Можно всё — страница 119 из 124

Влада:

Даш

два года

не срок

сон в летнюю ночь

вагнер

у меня очень мокрые руки

Даша:

Два года чего?

Влада:

два как для вина

Даша:

Бля, что?

Влада:

обои

они умеют дышать

Даша:

Ты на каком языке говоришь? Ты под маркой?

Влада:

Да

Тут Тимур

Он тоже говорит что обои умеют дышать

Они начинают мне звонить. Я понимаю, что, чтобы выйти с ними «на связь», мне тоже необходимо съесть марку, ибо они уже в другом мире. Они уже едут в поезде. И я должна тоже сжевать счастливый билет, если хочу попасть на поезд. Поскольку это мои любимые друзья, а у меня все и так идет по пизде, я решаю, что это знак. Надо сказать, что к предыдущим принятиям ЛСД я готовилась месяцами. Это были сбалансированные решения с конкретной продумкой, зачем и с кем я это делаю. Так опрометчиво я не принимала решения проглотить марку никогда. Примечательно то, что тут, в Мексике, сделали какой-то новый вид кислоты. Химическая формула немного другая, поэтому вещество абсолютно легально. Я съедаю половинку. В отличие от ЛСД, вещество даже не горчит и не так быстро действует. Через час я совершаю классическую нарко-ошибку: решаю, что было мало, и закидываюсь еще одной половиной. И понеслась. Я звоню ребятам. Они уже в припадке. Таращась на меня огромными черными планетами, они смеются и несут море рассуждений вперемешку с конкретной ахинеей. Нас уносит в совместный трип. ЛСД соединяет наши сердца сквозь пространство, как самая быстрая сотовая связь – сложно объяснить наверняка, как, черт возьми, оно действует, но действует же.

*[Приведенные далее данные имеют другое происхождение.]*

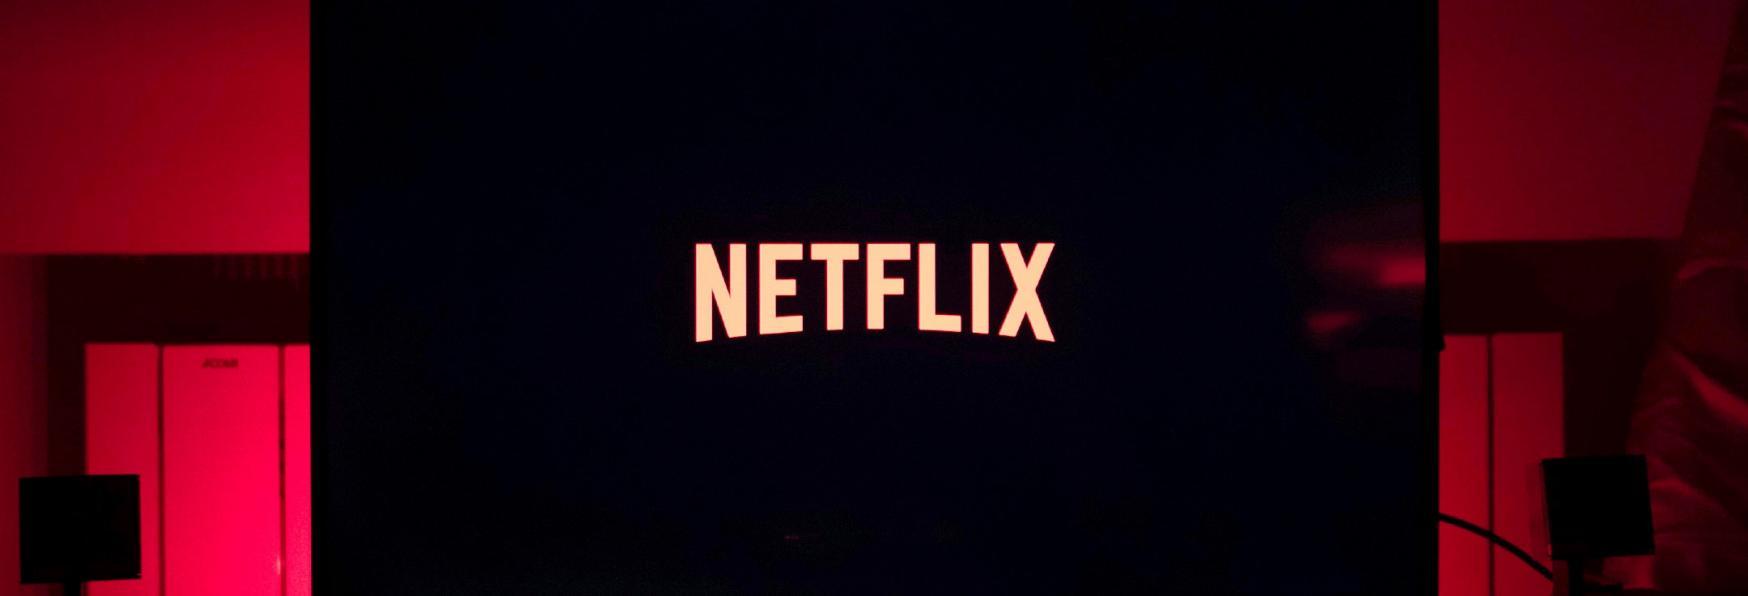 "La geniale Campagna #iorestoacasa proposta a Netflix: ""Se Esci riceverai Spoiler"""

Я отчетливо чувствую их обоих. Будто их внешность – лишь подсказка, легкий способ сконцентрироваться на душе. Но время продолжает идти, действие кислоты усиливается, и в какой-то момент я понимаю, что связь связью, а пространство вокруг меня уже вовсю расплывается и дышит, оно куда больше, чем один маленький экран монитора, и пора бы с ним синхронизироваться. Я объясняю это ребятам, говорю, что перезвоню, и закрываю компьютер.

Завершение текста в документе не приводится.